Sasha grabbed her short blade by the hilt and swung so that the sheath flew off, straight at the first man, who ducked. The big, bald man who had beaten her and Errollyn in the dungeon came around the big table at her, while Reynold drew a throwing knife. Sasha threw the short blade at Reynold, no great throw, but it made him duck. The big man swung hard from above…a stupid attack; Sasha just swayed aside and impaled him with his own momentum.
She pushed him back several steps, using his bulk as a shield from Reynold’s knife. The man she’d thrown the sheath at was trying to come about on her left. As he raised his blade for a strike, Sasha pulled her sword free of the big man’s gut, spun low and took the other’s leg. He fell screaming, and Sasha grabbed up his fallen blade and hurled that at Reynold too. Reynold ducked aside again as the blade scythed by his head, and lost his knife as he rolled. The big man collapsed, face first, clutching his stomach.
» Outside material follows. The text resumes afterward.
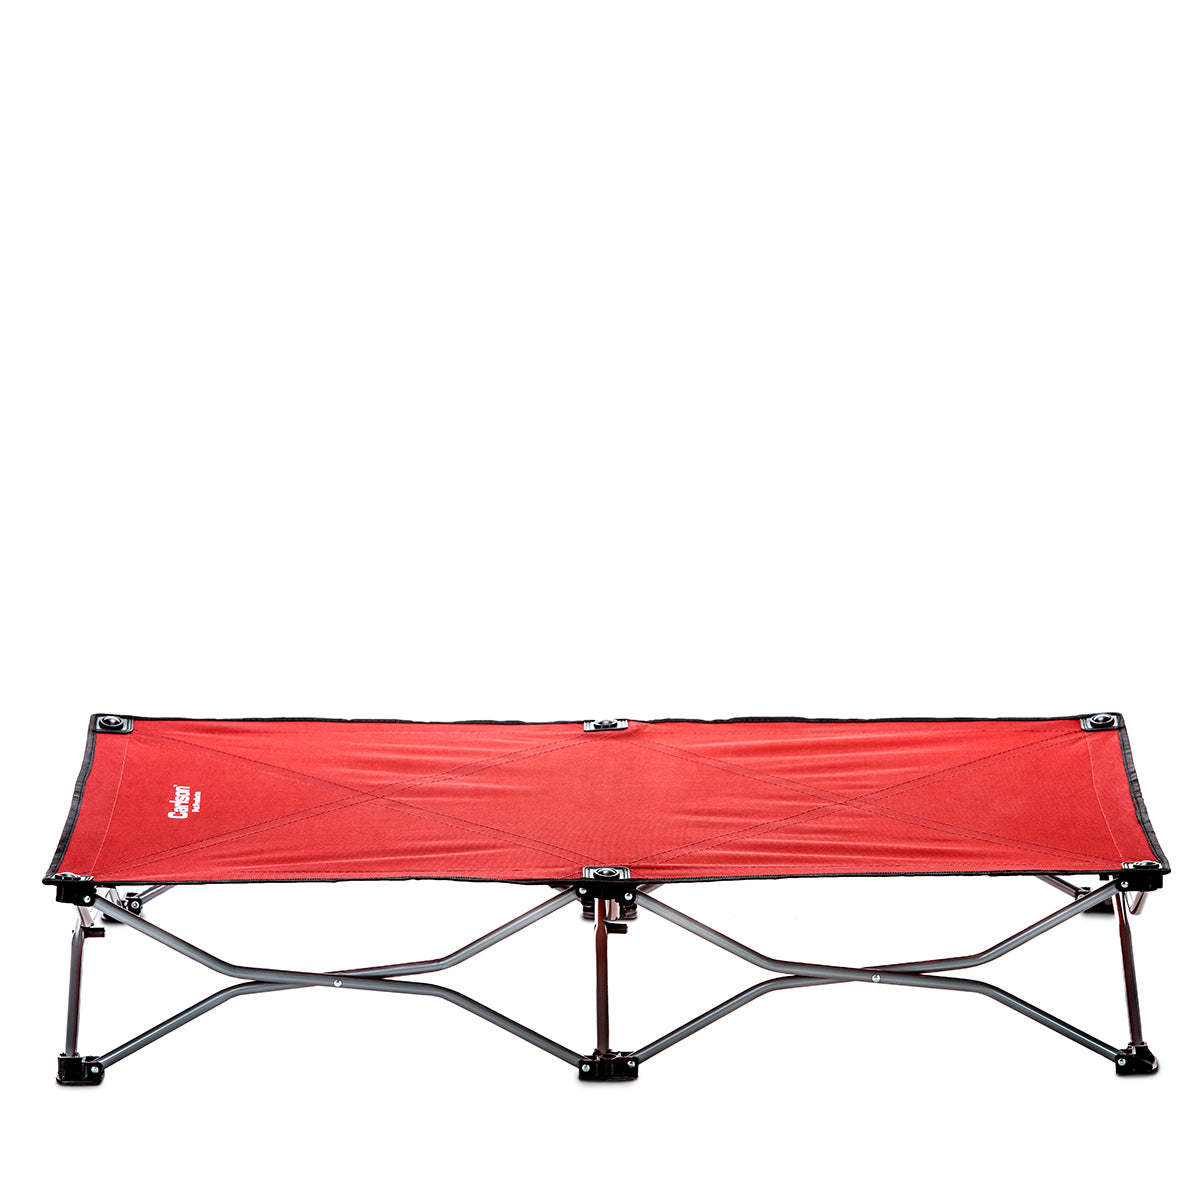 Large Elevated Dog Bed - Red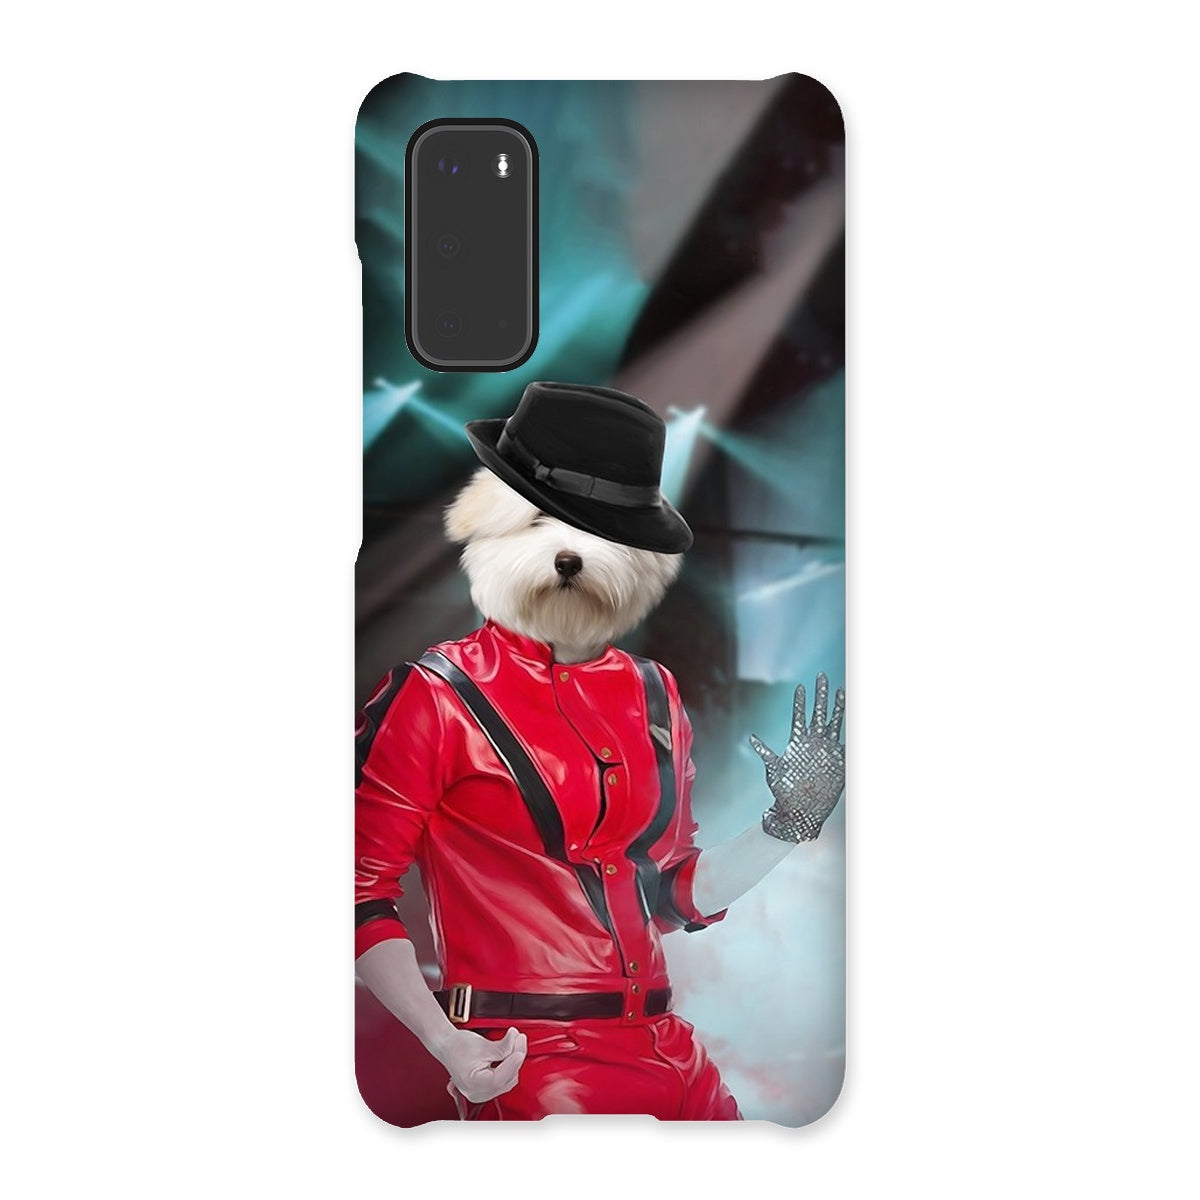 The Michael Jackson Paw & Glory, pawandglory, custom pet phone case, puppy phone case, iphone 11 case dogs, personalised puppy phone case, life is better with a dog phone case, dog and owner phone case, Pet Portraits phone case

Reynold’s last standing companion was Timoth Salo. The young nobleman held his blade two-handed, Nasi-Keth style, staring incredulously at Sasha, then about at the carnage she’d wrought. The man she’d legged was still screaming, clutching the terrible wound. Sasha stuck her blade in his back to shut him up.
“What did you do?” Salo said with horror. And again, on the verge of hysterical tears, “What did you do?” As though it had not occurred to him that his friends could die so easily. As though it had not occurred to him that his own actions could lead to this end.
Sasha rose from her crouch and advanced slowly. “You thought this was a game?” The calm of her voice amazed her. Dripping fury, and cold as ice, yet steady. Revenge made her calm, when all about her was crazy. No sheth an sary. She had never felt more Lenay than she did at that moment. “Did you think I was joking when I said I’d kill you all?”